The collected short fiction of the great Russian-born writer (1899—1977) who became a master of fiction in three languages and whose imposingly irascible presence on the 20th-century literary scene has perhaps obscured full recognition of his genius as symbolist, savant, and storyteller. There's little here that can be called apprentice work, even among the earliest of this rich volume's 65 stories, a gathering that ranges from the early 1920s through mid-1950s and assembles the contents of four previously published volumes plus 13 uncollected stories. Literary influences are only intermittently blatant (e.g., in the Chekhovian "Christmas" and Gogolian "Razor," and in "Bachmann," a disturbingly enigmatic account of a thwarted romance that reads like an early Thomas Mann story).
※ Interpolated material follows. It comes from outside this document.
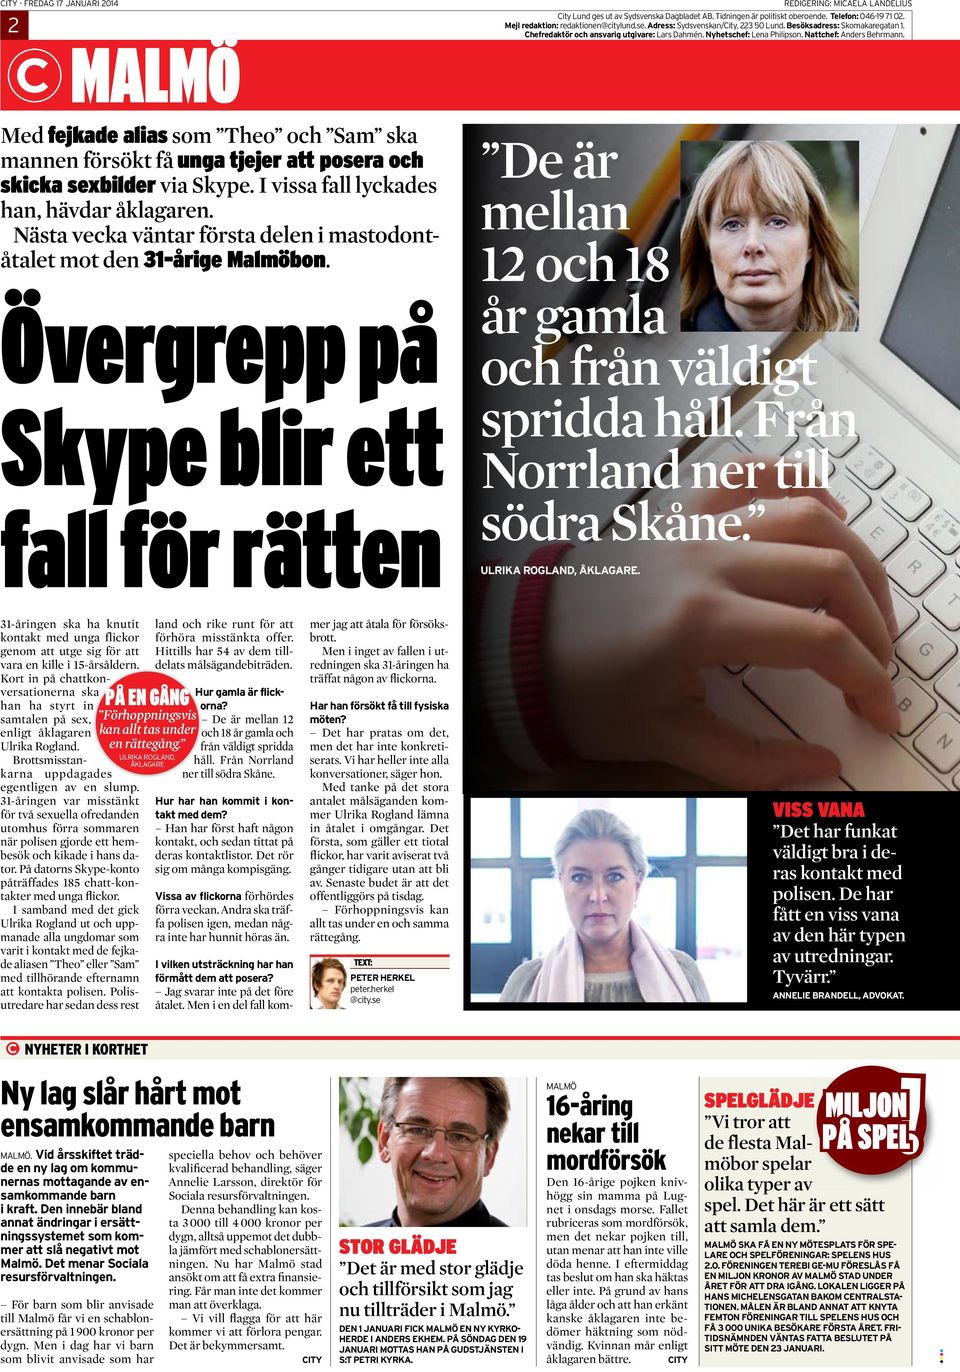 Tidningen är politiskt oberoende. Telefon: 046-19 71 02. Mejl redaktion: redaktionen@citylund.se. Adress: Sydsvenskan/City, 223 50 Lund. Besöksadress: Skomakaregatan 1.

Fantasy and supernaturalism are strongly present in such accomplished and eerie pieces as "Lik," "Tyrants Destroyed," and "The Vane Sisters," the latter being perhaps the most archly self-indulgent ghost story ever written. What may surprise many readers is the relative scarcity of tales in which Nabokov's notoriously Olympian sensibility is clearly revealed. Only in the icy "A Dashing Fellow" (whose lustful protagonist withholds from his conquest the news of her father's death) and the equally mordant "Details of a Sunset" do we feel a judgmental or condescending authorial presence. The many stories dealing with Russian emigres in Europe seeking aesthetic and romantic fulfillment, include several of Nabokov's most affecting: "The Fight," "A Guide to Berlin," and "A Russian Beauty" are prominent examples. Best of all, there's "The Potato Elf," a weird, troubling story of a fatal love triangle featuring preternaturally vivid characters and replete with ingenious sexual symbolism. The products of an incomparably rich imagination, these 65 wonders comprise a virtual education in how fiction—well, ought to be written. An indispensable book.